這些年總是時不時的接濟方大龍,對此,李學農也沒說啥。
李天明一個小輩就更沒法說話了。
甭管咋樣,方豔梅一直以來,對他們兄妹幾個都是真心實意的。
也就是有扶弟魔這麼點兒小瑕疵。
“你不管?你這話都說了八百回了。”
李學農氣呼呼的把菸頭扔在了地上。
“四叔,您快消消氣。”
李天明連忙勸道。
上一世,方豔梅都七八十歲了,還管着孃家兄弟,自己管不了,就去找天林,硬生生的把天林也給拖下了水。

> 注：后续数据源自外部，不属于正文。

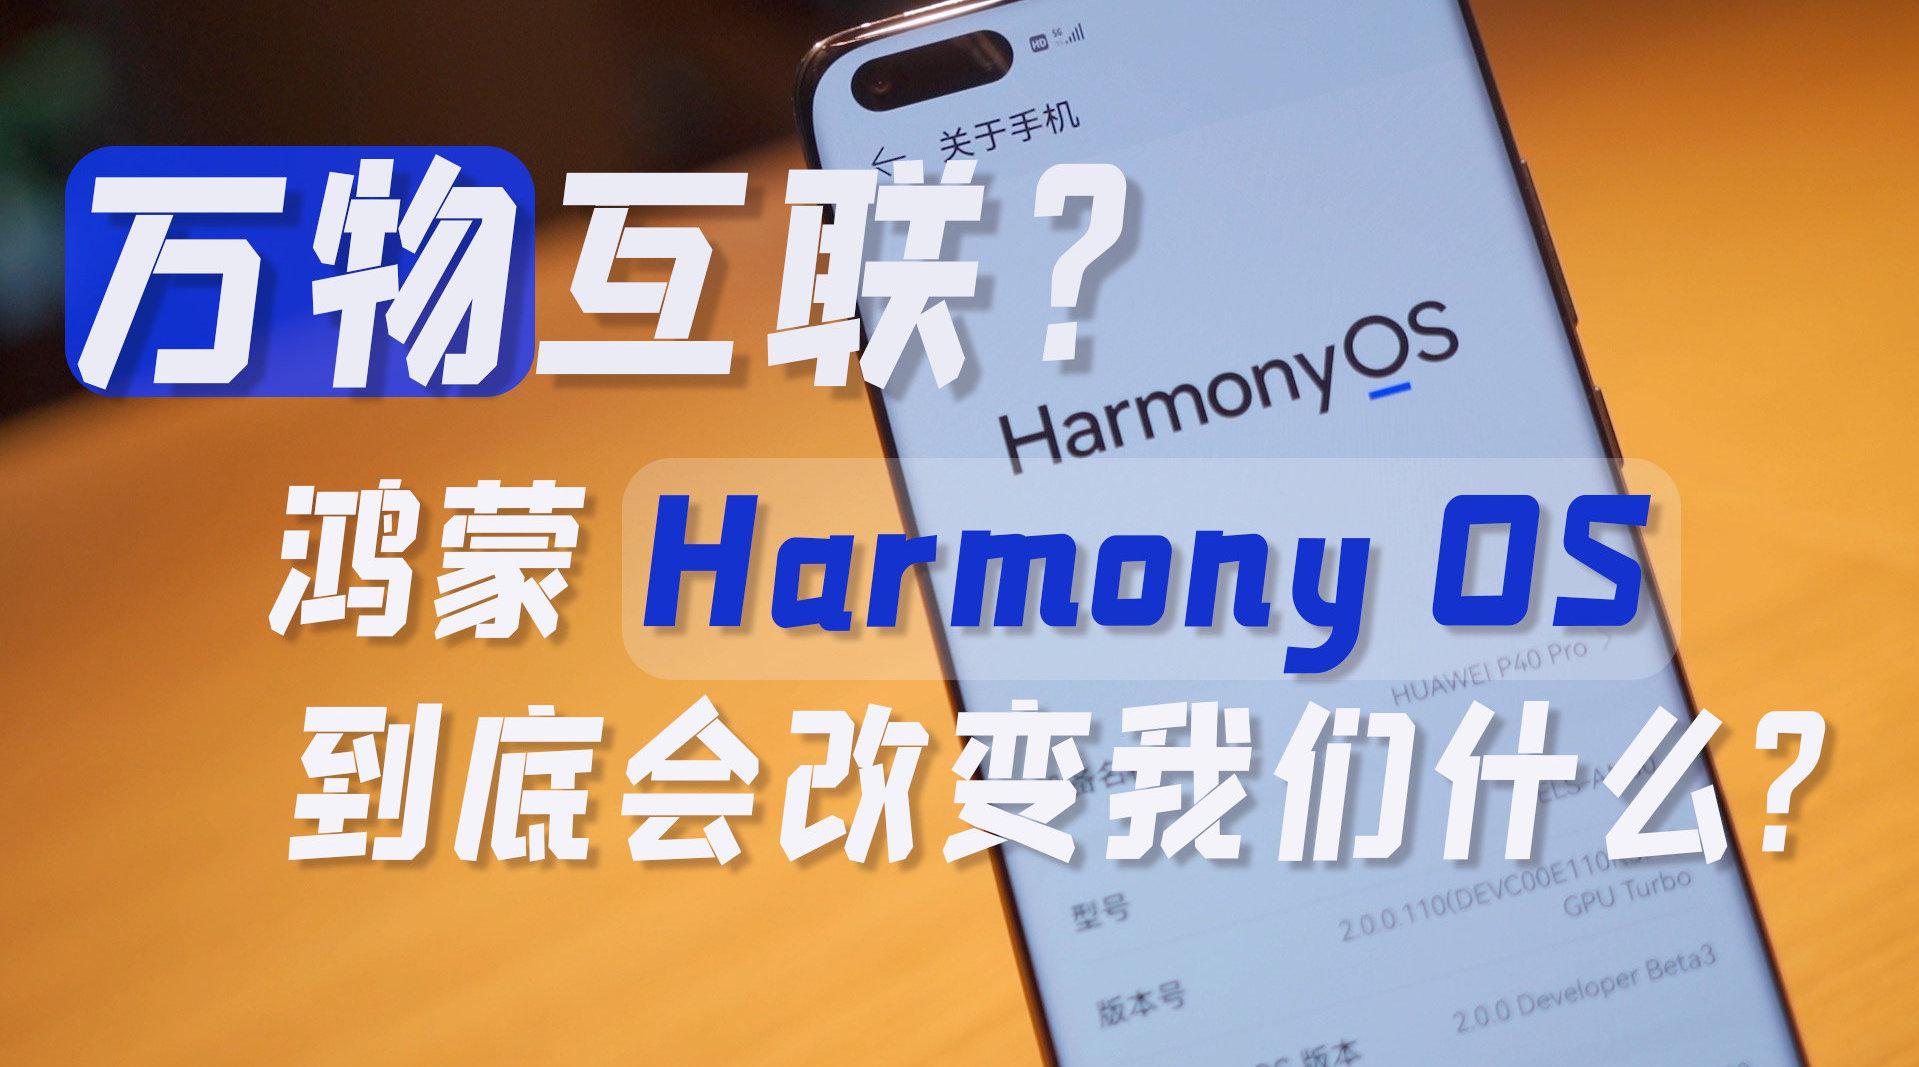 万物互联？鸿蒙Harmony OS到底会改变我们什么？
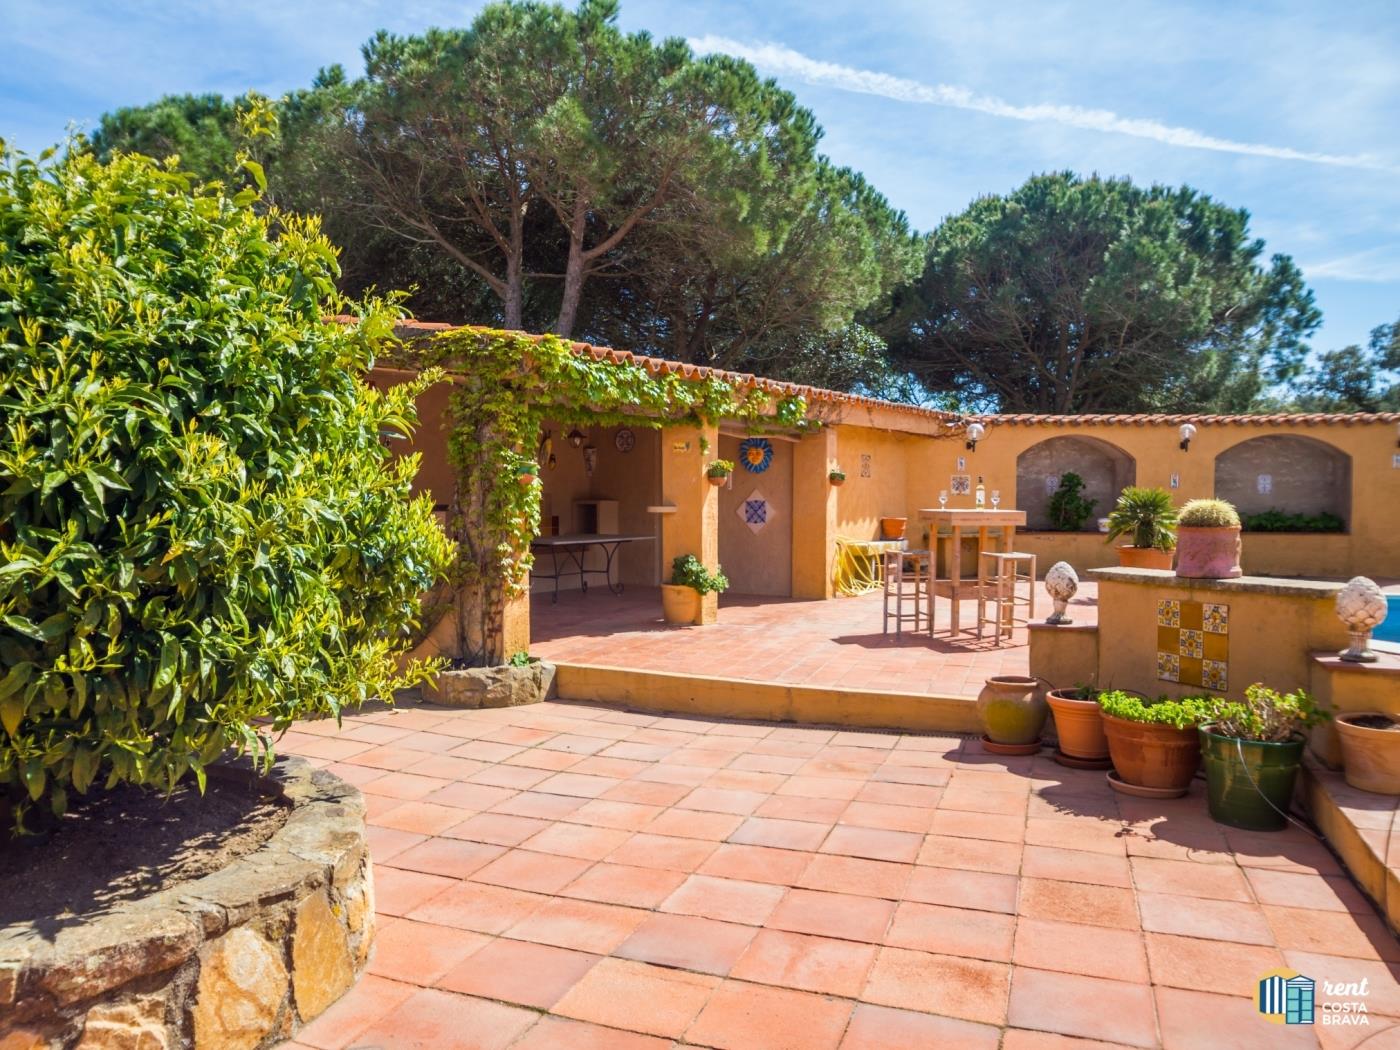 Villa Violeta espaiosa casa de poble amb piscina a Castell-Platja d'Aro

“四嬸兒,擱農村沒有工作的多了,到了歲數,您看有幾個娶不上媳婦兒的?救急不救窮,知道您心疼孃家兄弟,孃家侄子,可您管着也就罷了,咋還能把天林也給拖下來?天林能升到現在的位置不容易,您可別讓他犯錯誤。”
方豔梅聞言一愣:“這咋還……犯錯誤?”
“四嬸兒,大道理我就不說了,公器私用,您總該明白吧?”
這個詞,方豔梅還真明白,當年鬧運動,批鬥幹部的時候,這個罪名經常被拿出來說。
“這……不能吧!”
“能不能的,您心裏琢磨,這樣吧方大龍要是再來找您,您就和他說,工作有,進城去工地上搬磚去,我保證每個月掙的不比國企工人少。”
那三塊廢料要是願意去,那才叫怪事呢。
都是從小當少爺養着的,能受得了工地上那份苦。
當然,要是真來了也沒啥,李天明有的是辦法收拾他們。
“還有一句話,四嬸兒,到底是孃家侄子親,還是兒子親,您得想明白了。”
語氣雖然不重,但態度明確,這是讓方豔梅自己選呢。
“我……問問!”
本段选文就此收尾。